The task list looks like this:

 0: stage:prep-install
 1: bootenv:sledgehammer
 2: erase-disks
 3: stage:centos-7-install
 4: bootenv:centos-7-install
 5: set-hostname
 6: centos-drp-only-repos
 8: ssh-access
 9: stage:runner-service
 10: drpcli-install
 11: stage:finish-install
 12: bootenv:local
 13: stage:complete

This workflow will wipe the disks of a system, then install centos 7, install a runner into the image, finish the install, reboot, and then get marked complete by the runner in newly booted os. In this case,

  1. the first stage sets the bootenv to sledgehammer (if we are there, it is fine nothing happens). If drpcli sees this as a change, it will attempt to kexec or reboot the node into that bootenv.
  2. In our case of a discovered node, the system is sitting in sledgehammer so nothing happens. The runner and DRP move through task list cleaning the disks until the bootenv change to centos-7-install.
  3. At this point, the runner sees the bootenv change and reboots/kexecs the system into that new bootenv.
  4. The centos-7-install bootenv installs the machine from the kickstart templates and during the post-install phase starts a runner in the system chroot.
  5. The runner pulls tasks and continues updating the system.
  6. This continues until the bootenv:local
  7. drpcli notices the bootenv change and prepares to reboot/kexec the system, but in this case does NOT.

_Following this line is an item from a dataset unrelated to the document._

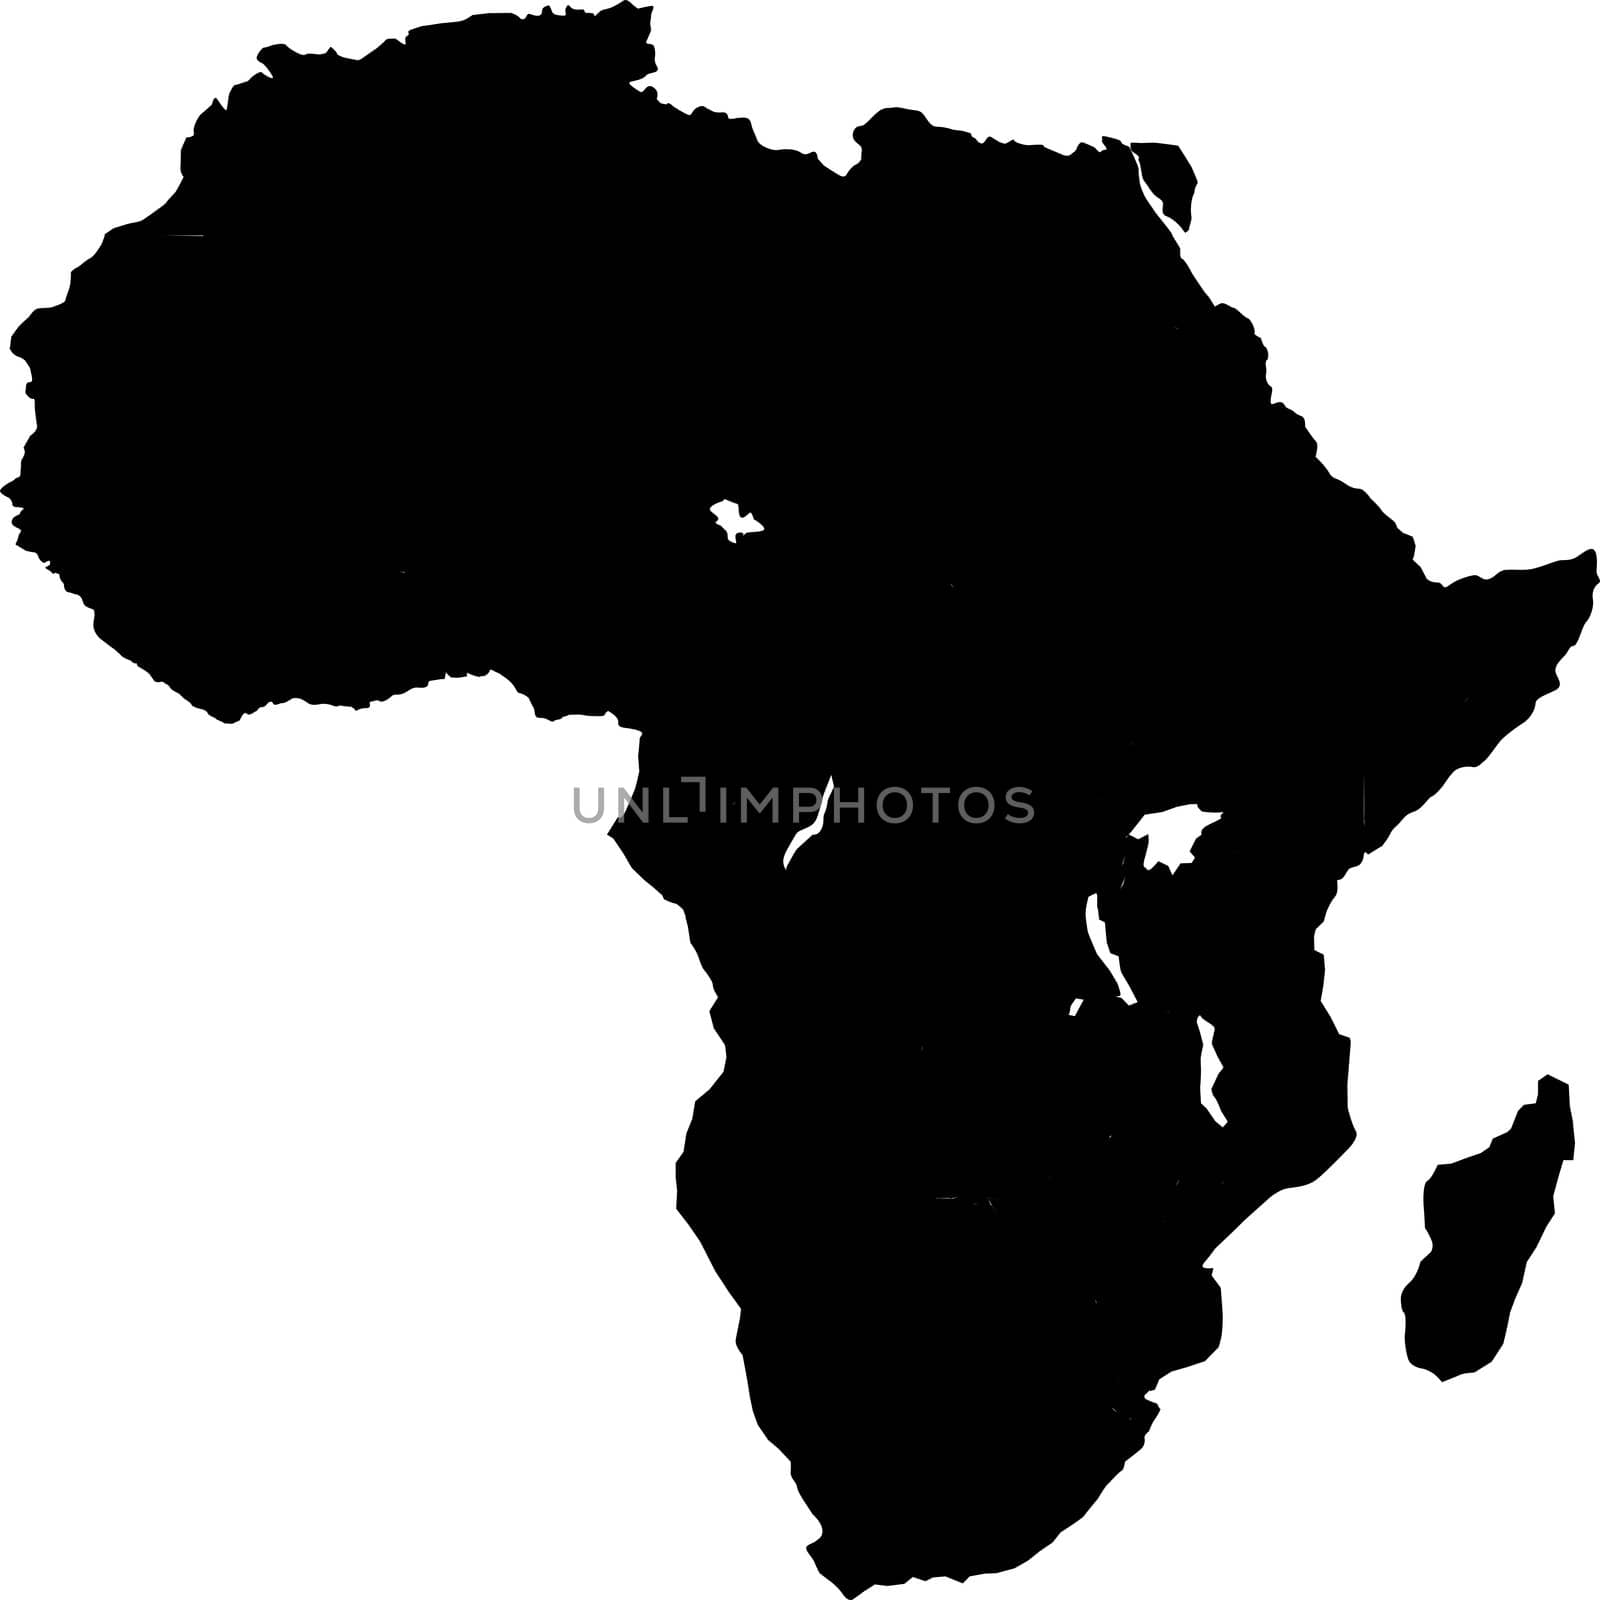 Africa Map by tony4urban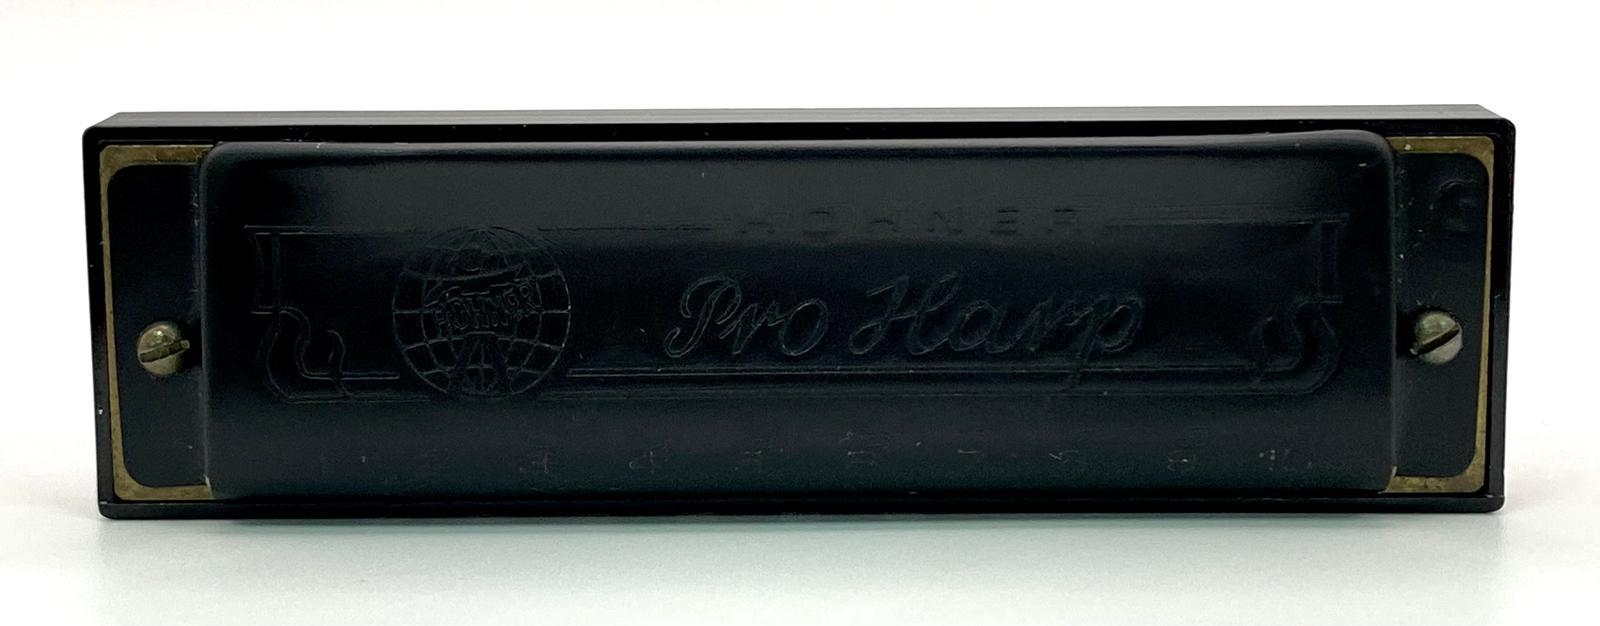 Four Vintage Harmonicas - Two German Pro Harps and Two Miniatures! - Image 4 of 8

The runner has a historical anomaly for this case. If the bootenv's name ends in -install, the runner exits instead of rebooting/kexecing. This allows the kickstart / preseed based OSes to "finish" their processing and reboot or kexec themselves.

Once the system boots from the local disk, the runner starts and processes the last task which has DRP set the stage to complete. The runner goes idle at that point.

Contexts

Contexts are a new top-level object that allow dr-provision to support the underlying idea that tasks for a machine can run somewhere besides on the machine itself. You can find more on contexts.

Empty BootEnv

Another thing to note is that a stage with an empty bootenv ("") means use the currently set bootenv without change. So, you could also boot into sledgehammer, then use stages that never change bootenv or set bootenv. This machine doesn't reboot through the process.

Many of the stages don't specify bootenv because they can be run in many different bootenvs. This way they continue working where ever they are run. In some cases, stages have a specific requirement about a bootenv (like the install ones or some of the machine prep/update ones assume sledgehammer because of tooling or machine state (like disks not mounted)).